#### Data segment:
------------------------
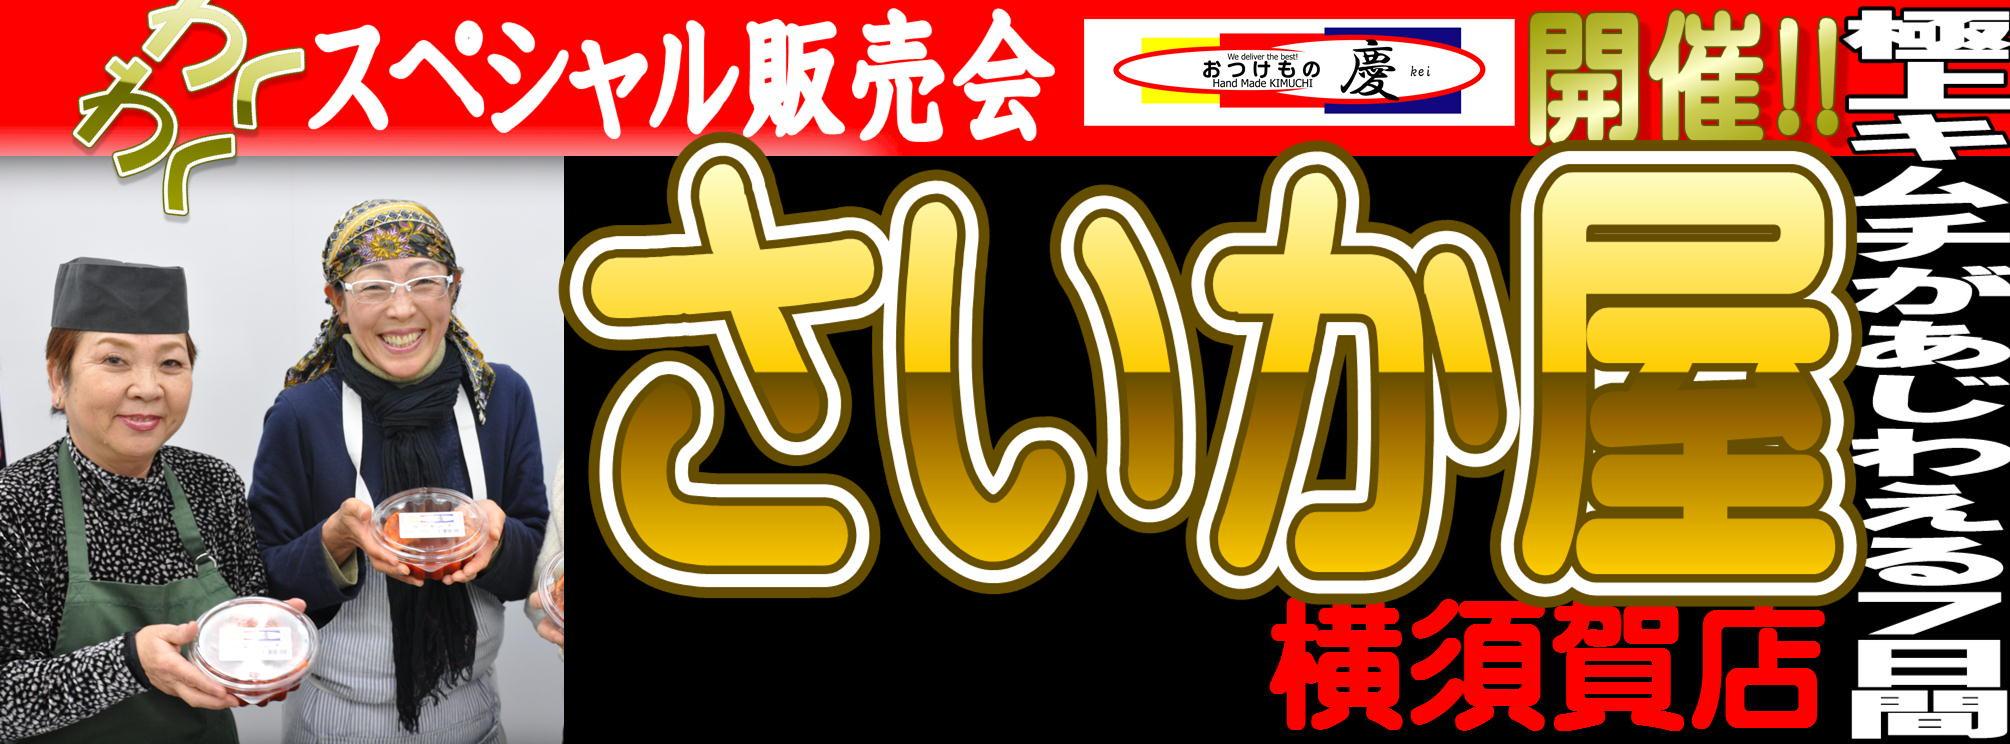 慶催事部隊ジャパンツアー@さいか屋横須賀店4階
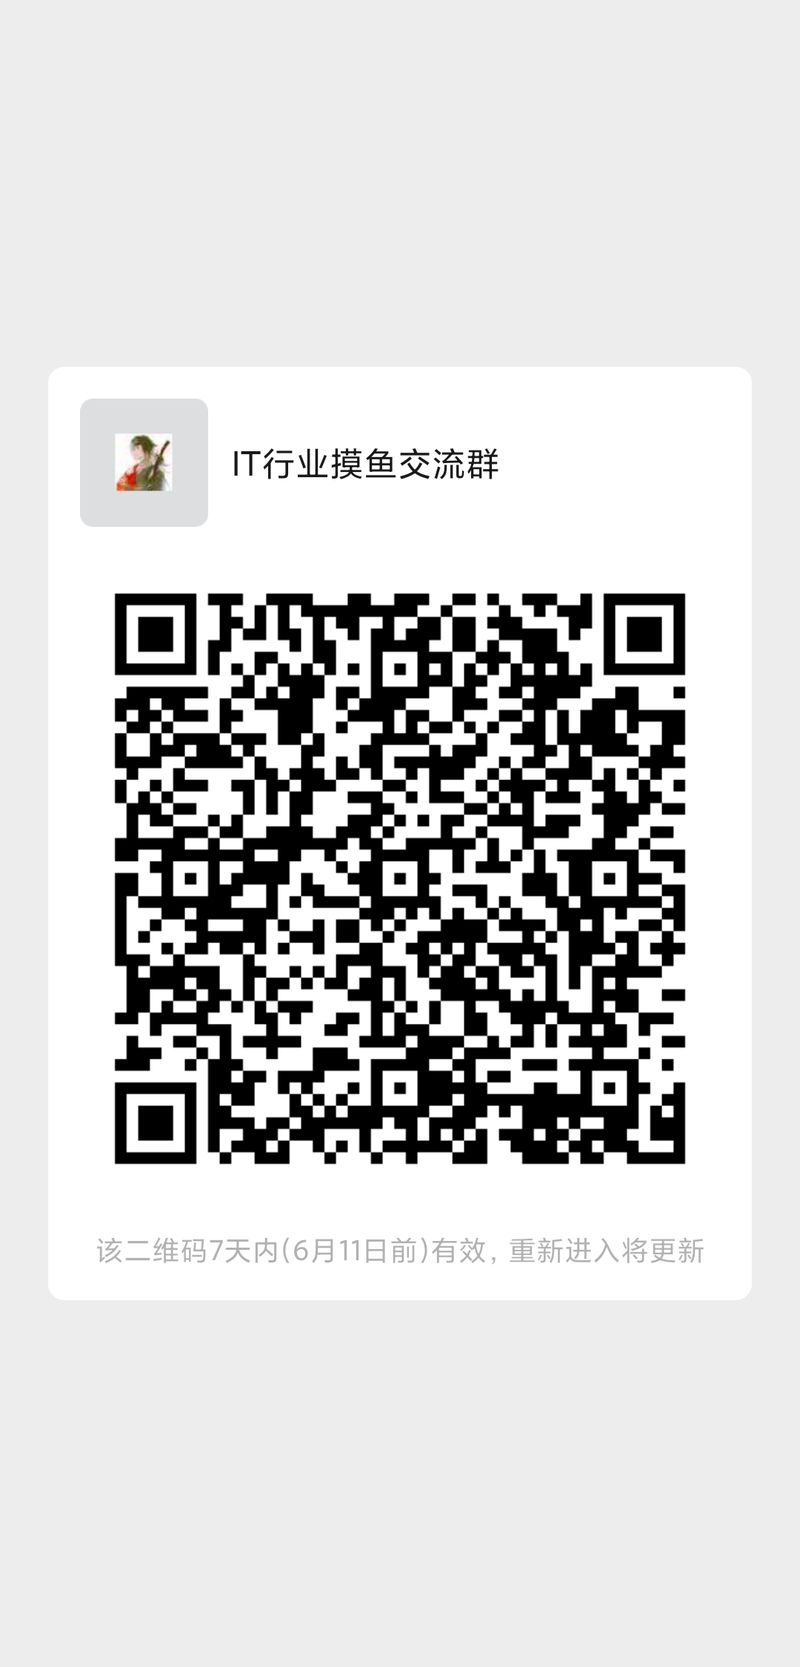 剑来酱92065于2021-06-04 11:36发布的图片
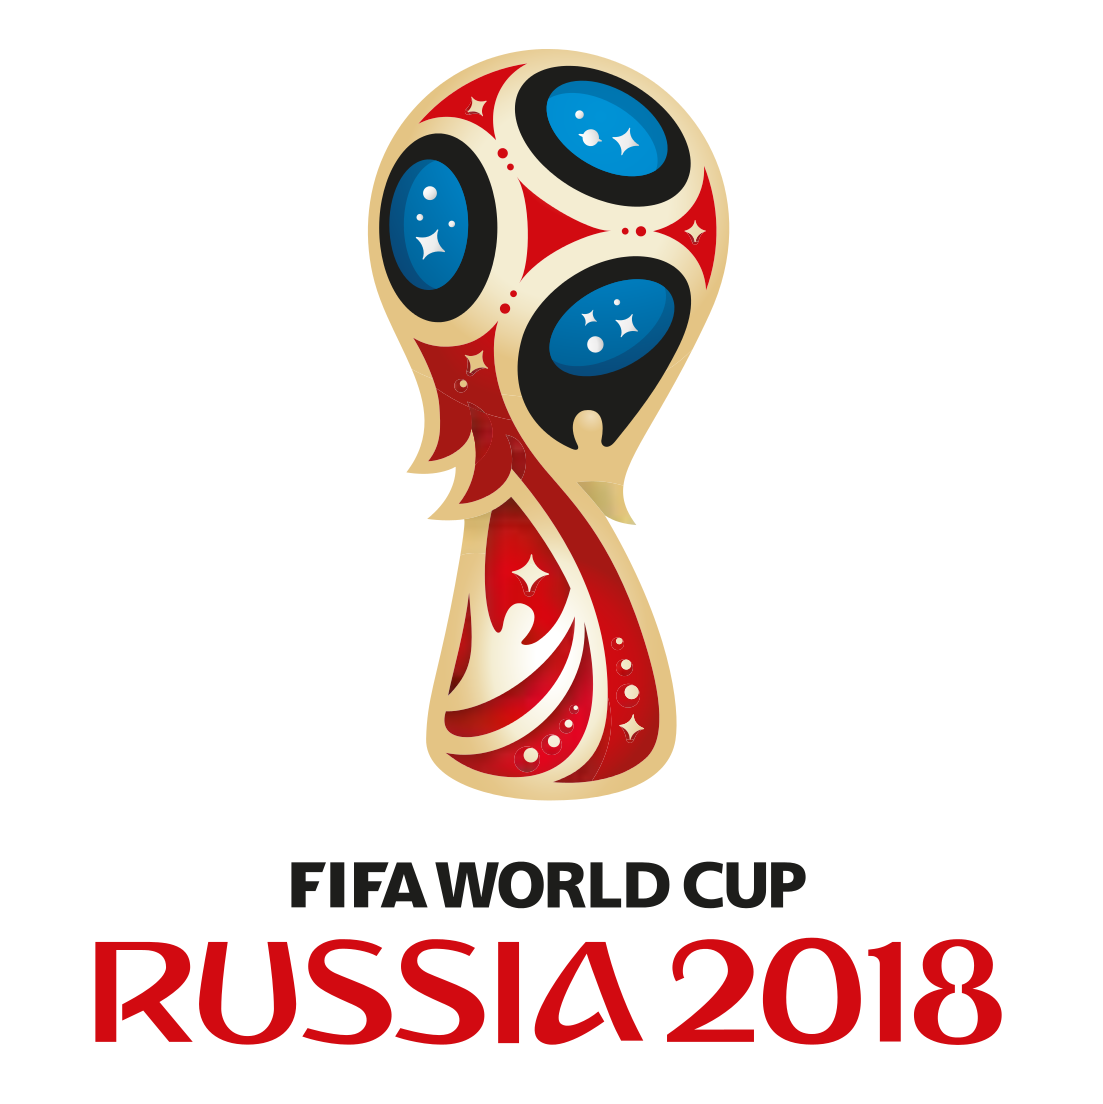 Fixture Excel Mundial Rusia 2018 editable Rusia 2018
------------------------
#### Task to complete:
Set down every line above exactly, pictures excluded.

#### Answer section:
 慶催事部隊ジャパンツアー@さいか屋横須賀店4階
 剑来酱92065于2021-06-04 11:36发布的图片
 Fixture Excel Mundial Rusia 2018 editable Rusia 2018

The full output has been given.